Catching the Thunder
Eskil Engdal and Kjetil Saeter
Tafelberg
Review: Karen Watkins
Awareness around poaching often hits the headlines, from ivory and rhino horn to cycads, pangolins and lions. With about 71% of the Earth’s surface being covered in water, and the oceans holding about 96.5% of it, a book about illegal fishing is welcome.
Interpol says illegal fishing is a global business estimated at US$10 billion in annual sales and scientists say with improved technology, more and more fishing companies are depleting our resources.
Enter Sea Shepherd, an eco-vigilante group best known for anti-whaling campaigns in Japan and the Faroe Islands, who are bankrolled by celebrities. In December 2014, Sea Shepherd abandoned its fight against whale hunters to focus on the devastating plunder in our oceans.
Sea Shepherd knew of five or six trawlers involved in illegal fishing and came up with the name “The Bandit 6” – Kunlun, Perlon, Songhua, Viking, Yongding and the worst of them, Thunder.
In April 2016, the Bob Barker, a former Norwegian whaling ship owned by Sea Shepherd, set off on a 16 000km high-octane chase in pursuit of the Thunder to an out-of-the-way purgatory called The Shadowlands.
This pirate Spanish fishing boat was trawling in the Southern Ocean for Patagonian toothfish, also known as Chilean sea bass or“white gold” because its fillets often sell for R370 a plate or more in upscale restaurants in America.
In December 2013, Interpol had issued a Purple Notice on the Thunder, the equivalent of adding it to a Most Wanted List.
Despite international bans on the practice, the Thunder was still using gillnets. For every four sea creatures caught in its nets, only one was a toothfish -the rest were thrown back to the sea, most of them dead.
Catching the Thunder charts the chase by Sea Shepherd’s vessels, the Sam Simon and the Bob Barker, with the goal of bringing the Thunder to justice.

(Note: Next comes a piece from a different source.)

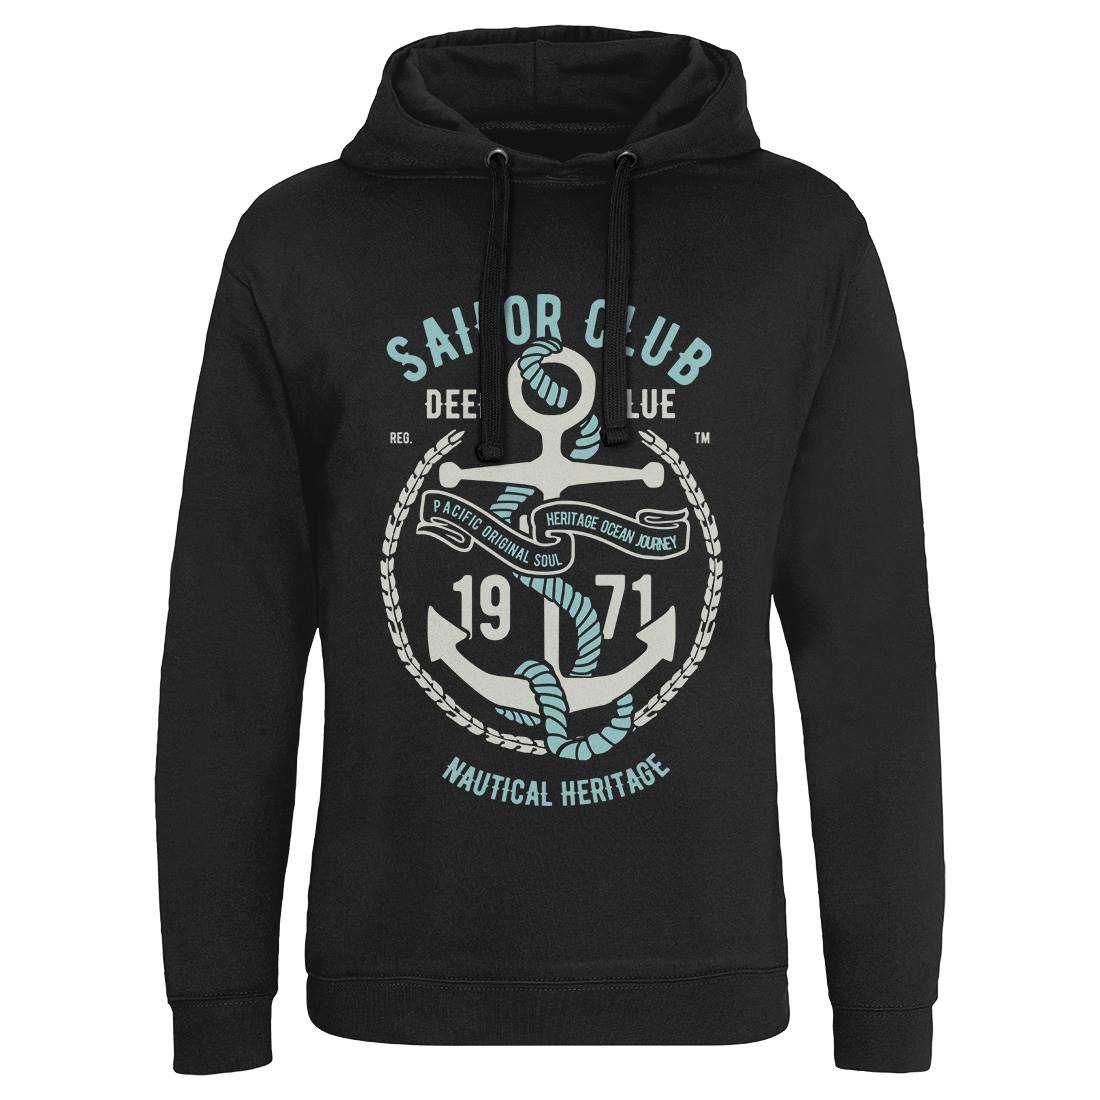 Sailor Club Mens Hoodie Without Pocket Navy B445

The most exciting part of the story is when the Sam Simon crew cut the 72km long illegal fishing net weighing 50 000kg before painstakingly removing toothfish to return the dead fish to the ocean while negotiating wild waves. They estimated this would take two hours but ended up doing shifts and it took over 100 hours to get the net on board.
With fuel and food supplies running low, the two vessels continue chasing the pirate ship through treacherous Antarctic waters. On day 53, the Bob Barker and the Thunder nearly collide.
Leaving nets in its wake, the Thunder eventually makes for port in Equatorial Guinea where a tense standoff ensues but the Bob Barker and Sam Simon crews are evetually left shocked. At 12.46pm on April 6, 2015, at the African island nation of São Tomé and Príncipe, the Thunder sinks.
The authorities suspect it was scuttled to destroy any incriminating records. The Bob Barker and Sam Simon rescue all 40 of the Thunder’s crew.
Meanwhile, three Bob Barker crew scramble aboard to salvage evidence of the crimes. In 37 minutes of wading water, they gather charts, computers, the captain’s logbooks and one frozen 90kg fish.
The story is pieced together by Norwegian journalists Eskil Engdal and Kjetil Sæter who were not aboard the vessel but used radio transmissions and conducted detailed interviews after the event. They also did background work into the elusive owners of the illegal fishing trawlers.
Catching the Thunder will appeal to anyone who enjoys reading adventures, especially those based on fact.